+++ Data below +++
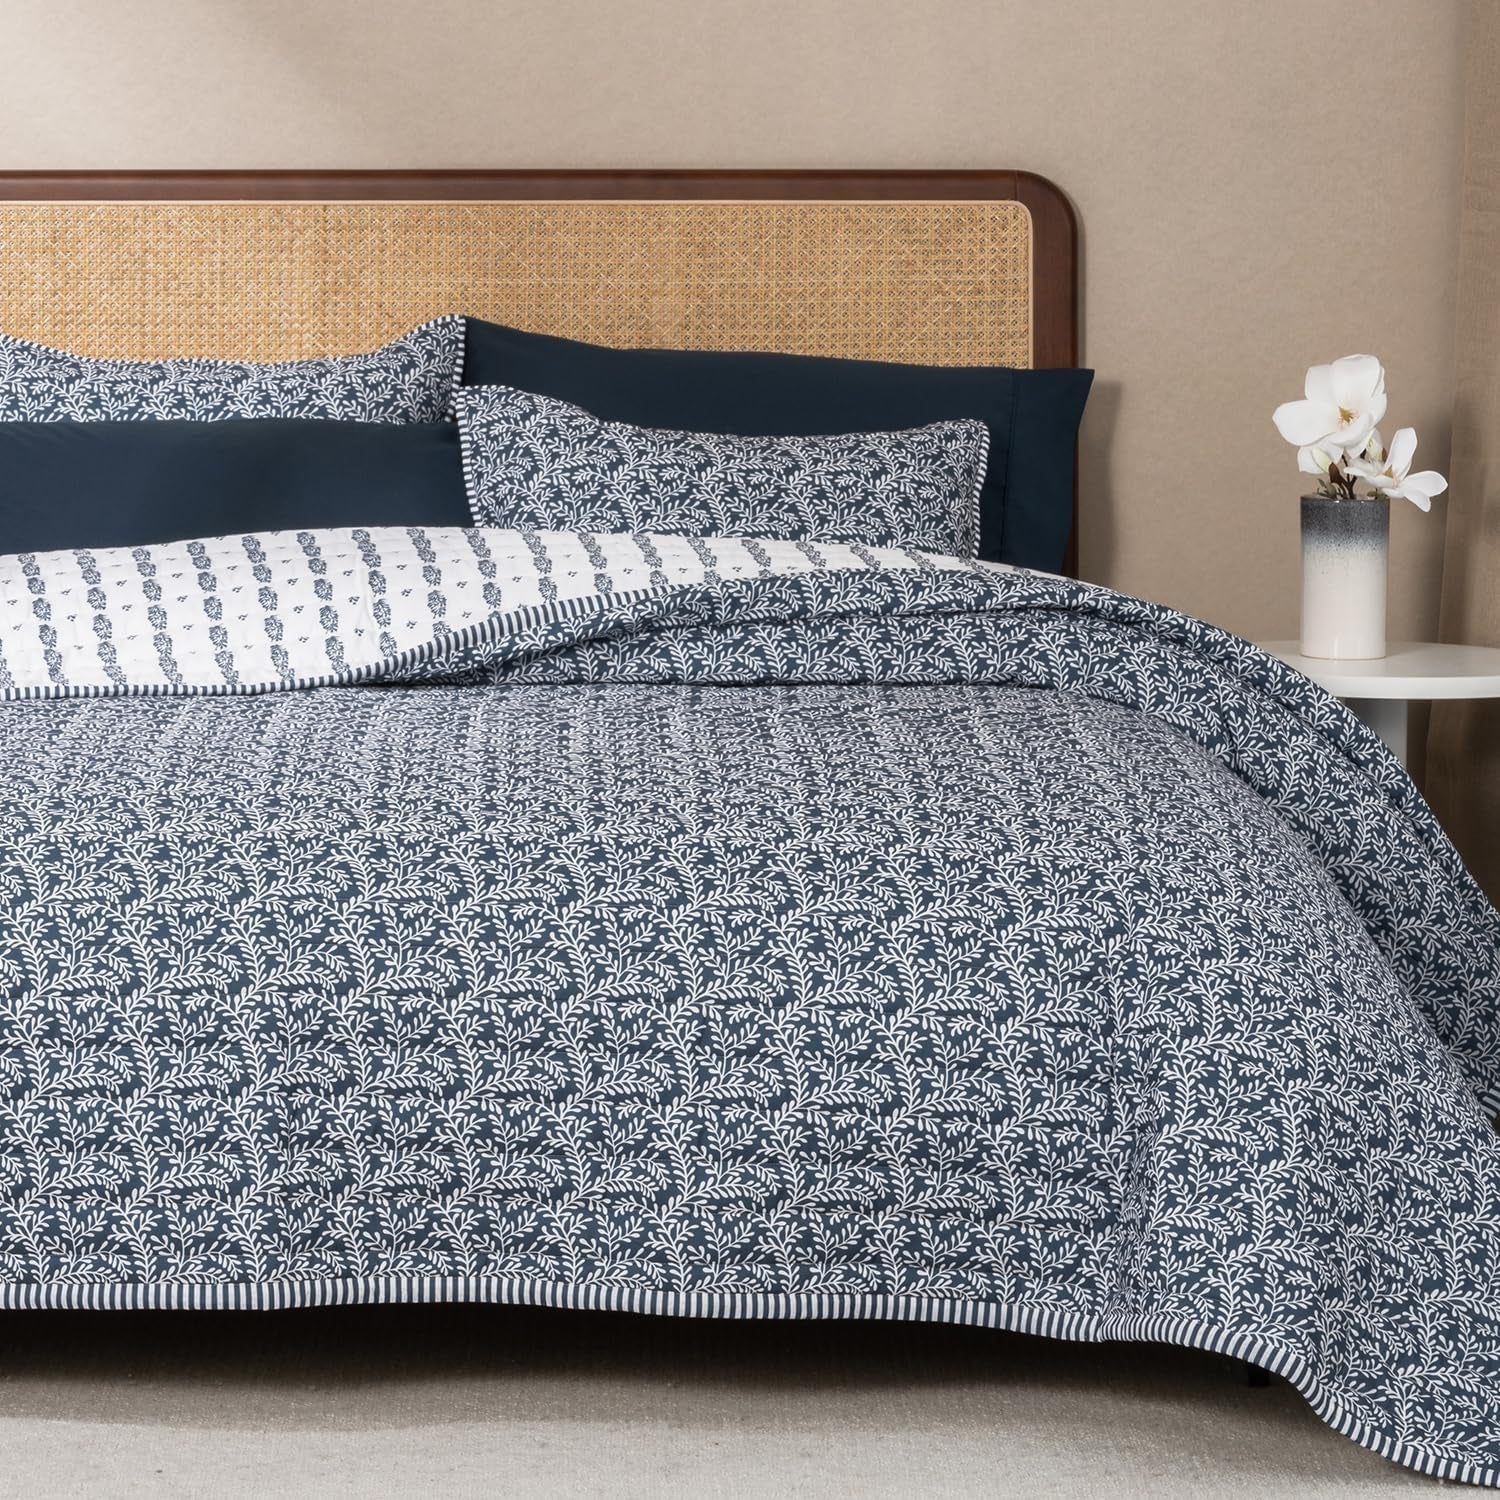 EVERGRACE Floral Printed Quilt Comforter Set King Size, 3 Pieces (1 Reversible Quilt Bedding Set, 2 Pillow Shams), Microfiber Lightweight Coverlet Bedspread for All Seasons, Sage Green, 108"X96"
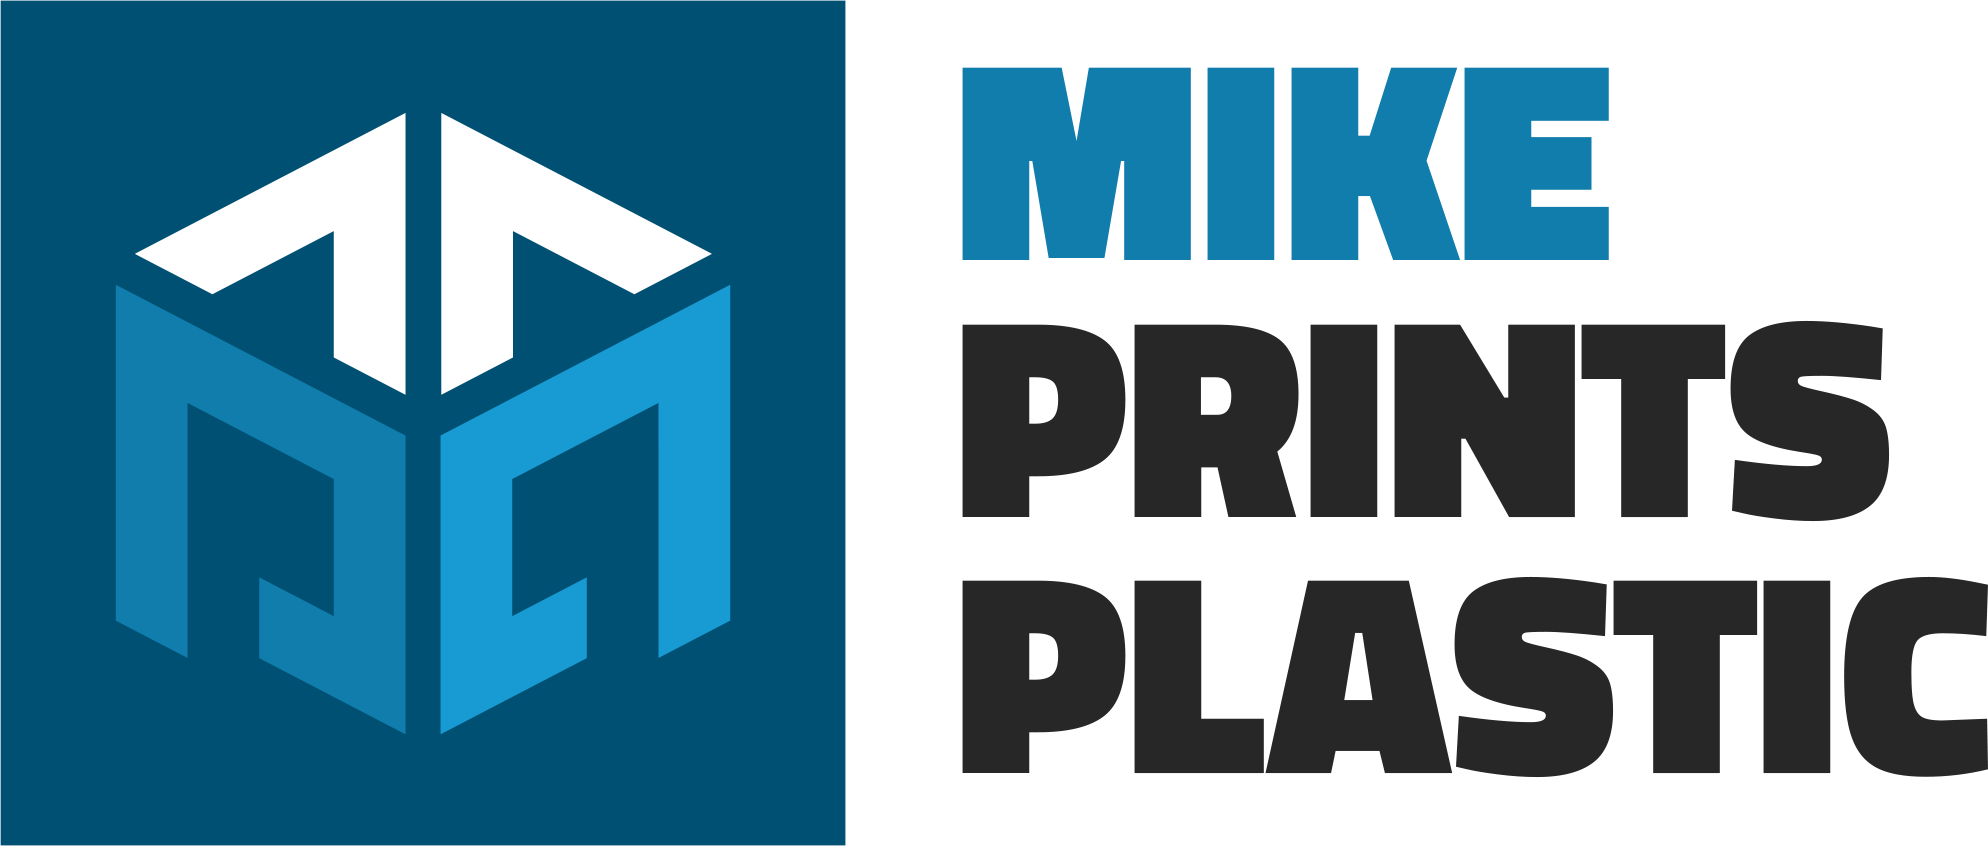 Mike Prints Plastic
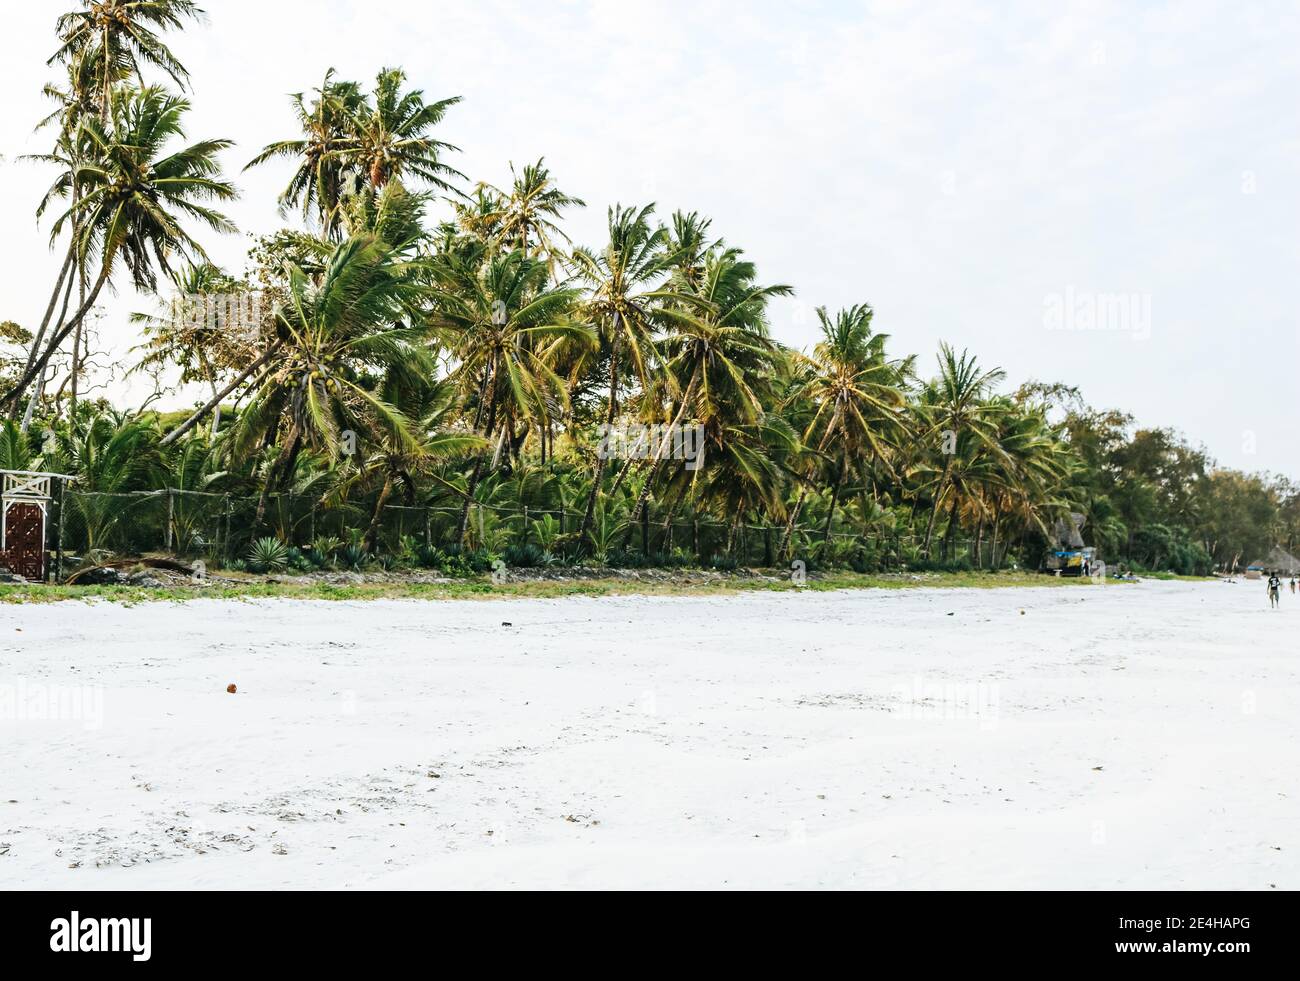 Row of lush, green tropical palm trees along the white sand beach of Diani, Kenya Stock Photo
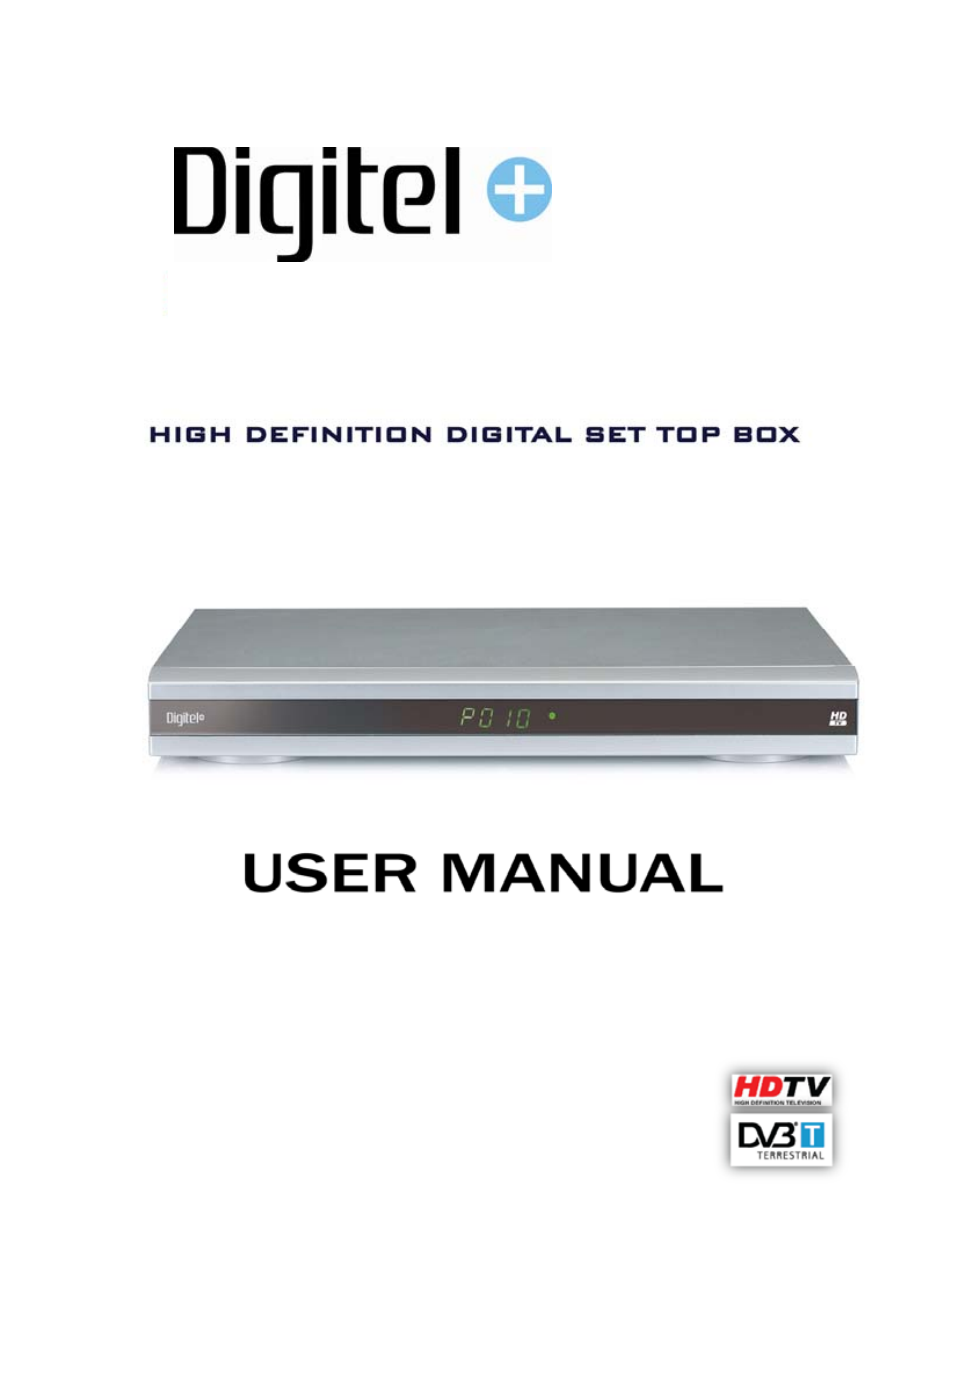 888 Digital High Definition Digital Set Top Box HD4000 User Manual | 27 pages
+++
*What is needed*
The answer is the lines above, word for word, from the first one through the one containing "Mike Prints Plastic"; it includes no pictures.

*Your solution*
 EVERGRACE Floral Printed Quilt Comforter Set King Size, 3 Pieces (1 Reversible Quilt Bedding Set, 2 Pillow Shams), Microfiber Lightweight Coverlet Bedspread for All Seasons, Sage Green, 108"X96"
 Mike Prints Plastic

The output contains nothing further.